Re: [PATCH] Bug 2680: ** helper errors after -k rotate

2009-07-16 Thread Henrik Nordstrom
tor 2009-07-16 klockan 23:15 +1200 skrev Amos Jeffries:

 Right, following up on that I had a hunch and discovered that n_active 
 is already performing this duty. The bug is therefore in my earlier fix 
 using n_running as a base instead of n_active.
 
 How does this new attached patch look to you two?

Looks fine to me, assuming rotate still starts a new set of helpers
(wasn't clear to me). Will fix the too many helpers have crashed, need
to start new ones case, and leave the rotate  reconfigure case alone.

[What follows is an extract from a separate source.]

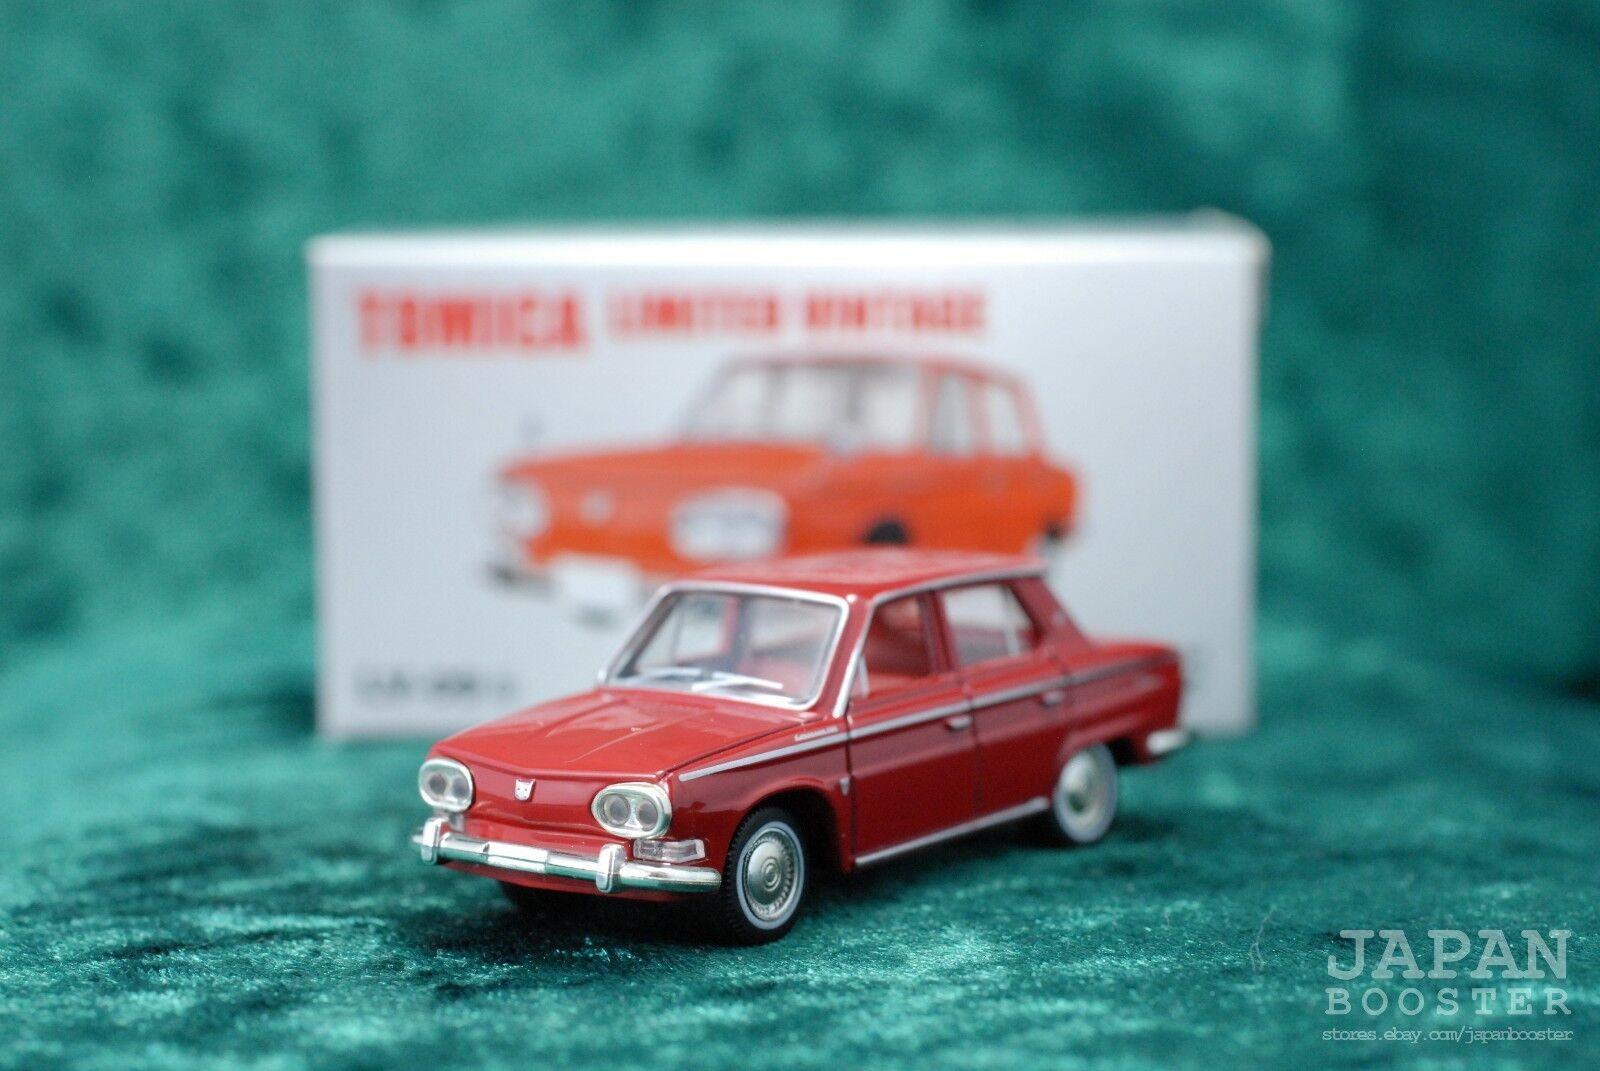 Tomica Tomytec Limited Vintage Lv 09b Hino Contessa 1300 1 64 Japan Zz20 For Sale Online Ebay

With this we can also start new helpers more or less immediately (at
some seconds delay just in case) when seeing them crash...

Regards
Henrik



Re: [PATCH] Bug 2680: ** helper errors after -k rotate

2009-07-16 Thread Robert Collins
On Thu, 2009-07-16 at 09:11 +0200, Henrik Nordstrom wrote:
 tor 2009-07-16 klockan 16:54 +1000 skrev Robert Collins:
 
  I thought we put a unique id on the stateful helper protocol _way_ back.
  Sigh :(
 
 No, I couldn't when I implemented the concurent request protocol so it
 only got done for stateless helpers. iirc I got stuck in trying to
 unwind some of the dependencies in the reservation code used by the
 challenge reuse layer (which is thrown out these days..).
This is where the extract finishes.